The descendants of Henrietta Lacks have settled with a biotechnology company that they had accused in a lawsuit of profiting from the cell line named for her, HeLa.
Lacks was 31 when she died in October 1951. Eight months prior, the mother of five learned she had cervical cancer after being admitted to a racially segregated ward at Johns Hopkins Hospital in Baltimore. Without her consent, doctors extracted a sample of cells from the tumor in her cervix and gave them to a medical researcher at Johns Hopkins University. The sample became the first human cells to grow and reproduce in lab dishes continually.
According to PBS News, He La cells are immortal, continuing to divide when most cells would die. From polio and COVID-19 vaccines to cancer research and sequencing of the human genome, HeLa cells have been the linchpin of numerous scientific findings and advancements. Companies have made billions in profit from the cells, but the Lacks family had never been compensated.
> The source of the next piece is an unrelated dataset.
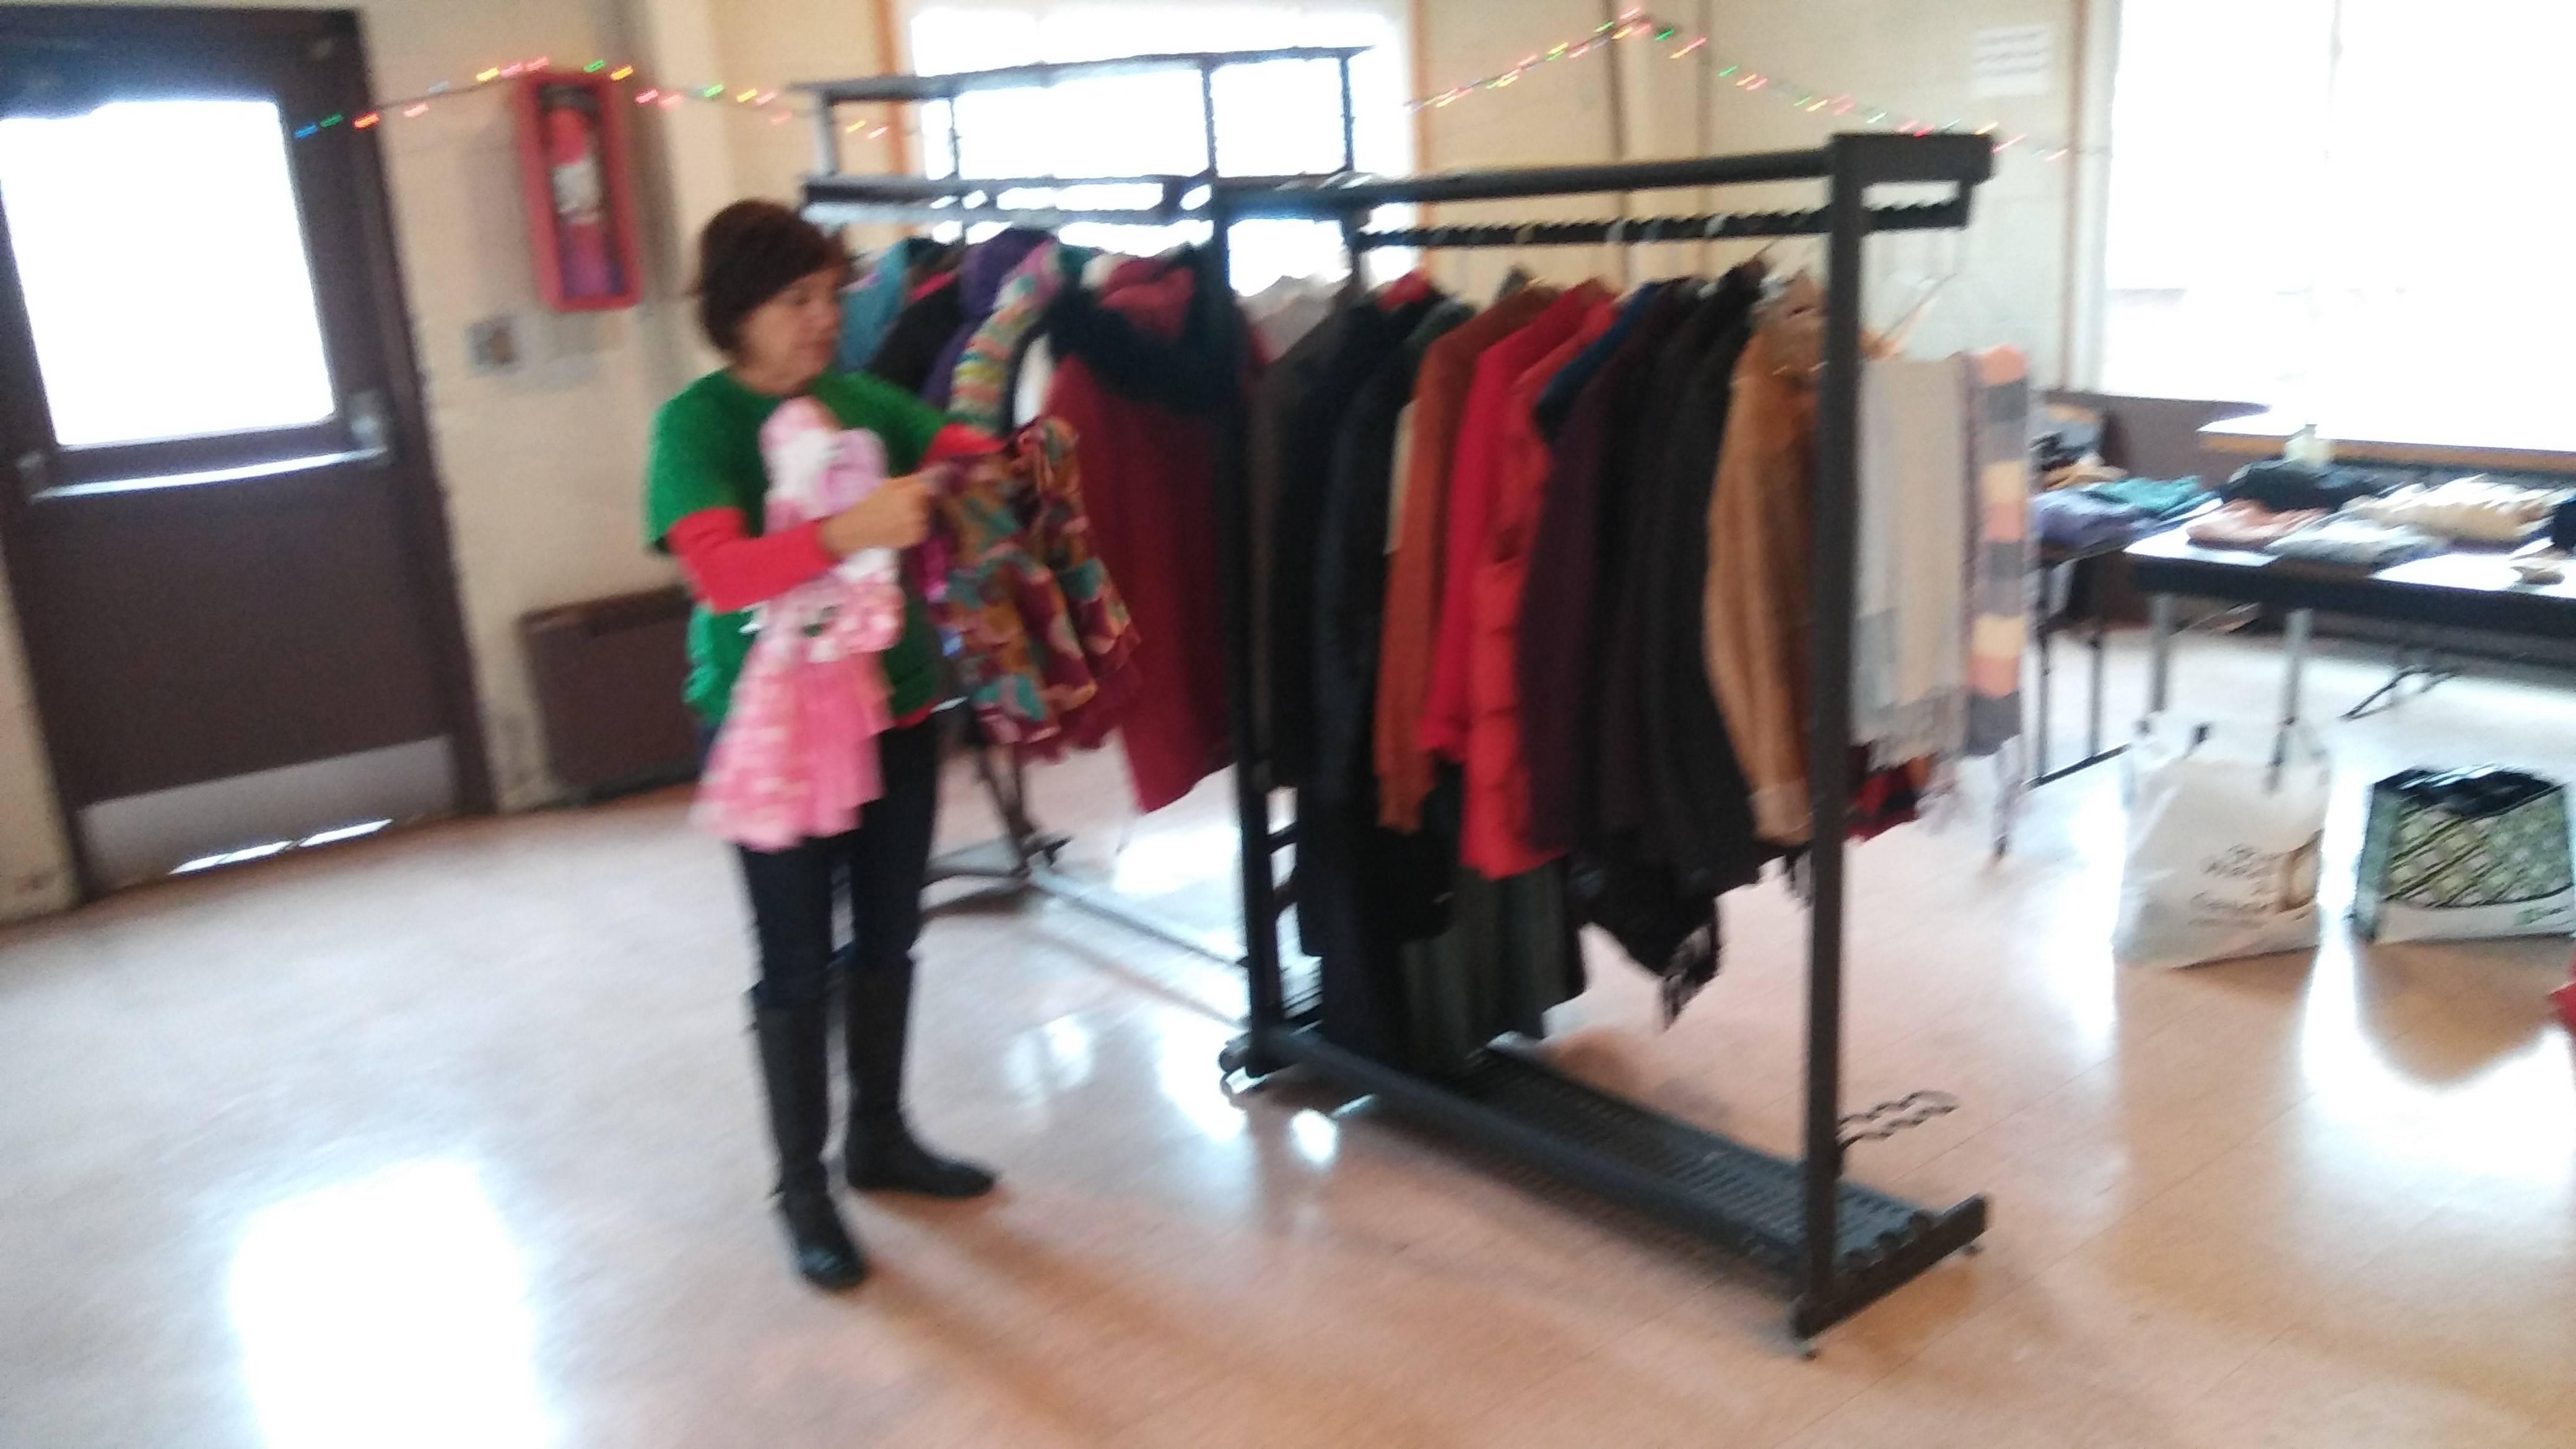 ce6a2417791363fb1820_Soup_kitchen_volunteer_Lynne_Fitzpatrick_sorting_through_clothing.jpg

After the ruling, Lack’s grandson, Alfred Lacks Carter Jr., said, “it could not have been a more fitting day for her to have justice and for her family to have relief,” per the New York Times. “It was a long fight, over 70 years, and Henrietta Lacks gets her day.”
“Not only were the HeLa cells derived from Henrietta Lacks — the HeLa cells are Henrietta Lacks,” Ben Crump, an attorney for the family, said during a news conference.
Johns Hopkins University denies profiting from Lacks’ cells, adding that the harvesting and use of her cells was “an acceptable and legal practice in the 1950s, such a practice would not happen today without the patient’s consent,” via its website.